In a statement that the Patrick campaign released to the Globe in February, Lane said he did not tell the Patricks why he was asking the questions about the mortgage, and they did not inquire. Lane said he is often hired by title insurance companies to straighten out filing mistakes, and had been contacted by a title insurance firm for SunTrust Bank to clear up the problem.

Between 2003 and 2005, the Patricks received a separate, $2.6 million mortgage for their summer property in the Berkshires. They said that when they applied to the Berkshire Bank in Pittsfield for that loan, they disclosed they were carrying the $1.28 million SunTrust loan.

The restructuring of their debt will allow the Patricks, who have $5.9 million worth of loans on the Milton residence and the Berkshires summer home, to reduce their overall mortgage indebtedness by about $51,000.

According to documents filed last week at the Norfolk Registry, Bank of America discharged its six-year-old, $350,000 open-end mortgage on the Milton home and attached a similar mortgage for $299,300. Rubin said that the Bank of America mortgage would now be second in line to the SunTrust mortgage.

A Globe review of the Patricks' finances earlier this year showed that while Patrick has accumulated significant resources through his corporate work, he and his wife have also taken on significant debt. Since they first bought the Milton property in 1989, they have taken out 10 mortgages on the property, sometimes accumulating three at the same time.
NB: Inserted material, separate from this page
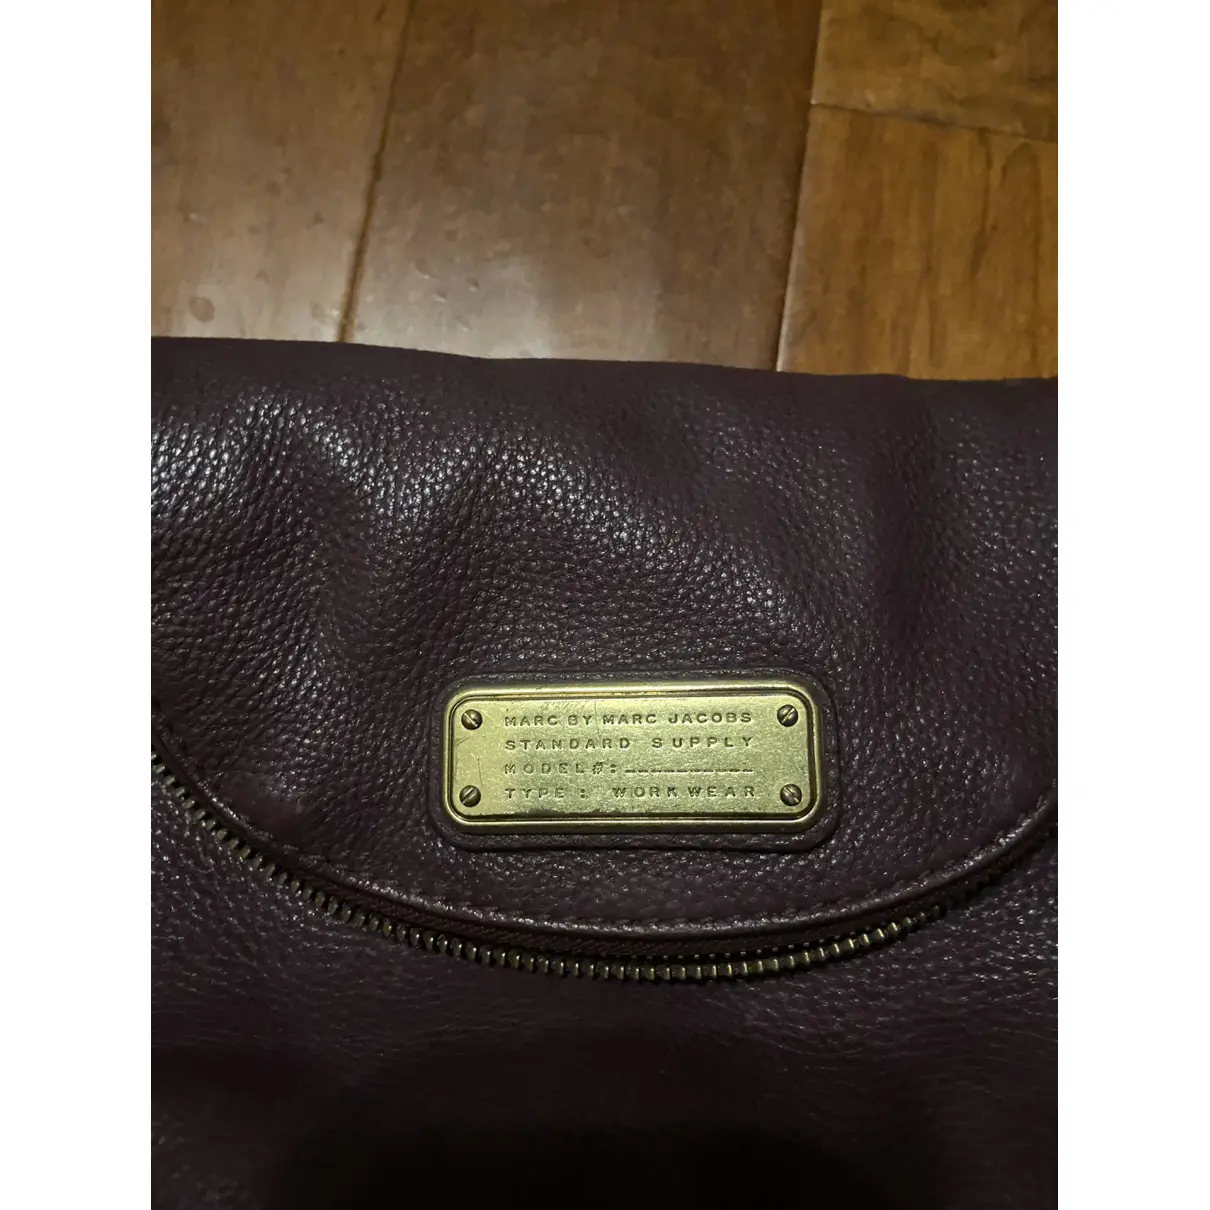 Buy Marc by Marc Jacobs Vegan leather handbag online

In 2002, shortly after he went to work for Coke, Patrick bought a condo in Atlanta with a SunTrust mortgage that covered 96 percent of the $765,000 purchase price. That property has since been sold. The same bank provided them with a mortgage in 2002 for 94 percent of the purchase price for a $472,000 parcel in Richmond in Berkshire County. That mortgage has since been discharged.

This year, the Patricks received a $4 million mortgage to complete the construction of the Berkshire property, where they built an 18-room, 10,000-square-foot house.

The couple's mortgage payments in interest alone are currently about $325,000 a year.

Patrick has said he and his wife, a law partner at Ropes & Gray, can meet the loan obligations if he is elected governor, a post that pays $135,000 a year.

``We looked hard at the financial implications of dedicating ourselves full time to public service and planned accordingly," Patrick said in a statement. ``Through hard work, great opportunities, and continued blessings, we are in a wonderful financial position today to make this leap."

(Correction: Because of a reporting error, a story on Deval Patrick's mortgage in yesterday's City & Region section misstated the number of rooms in Patrick's vacation home in the Berkshires. The house and a connected carriage house will have 13 rooms and seven bathrooms.)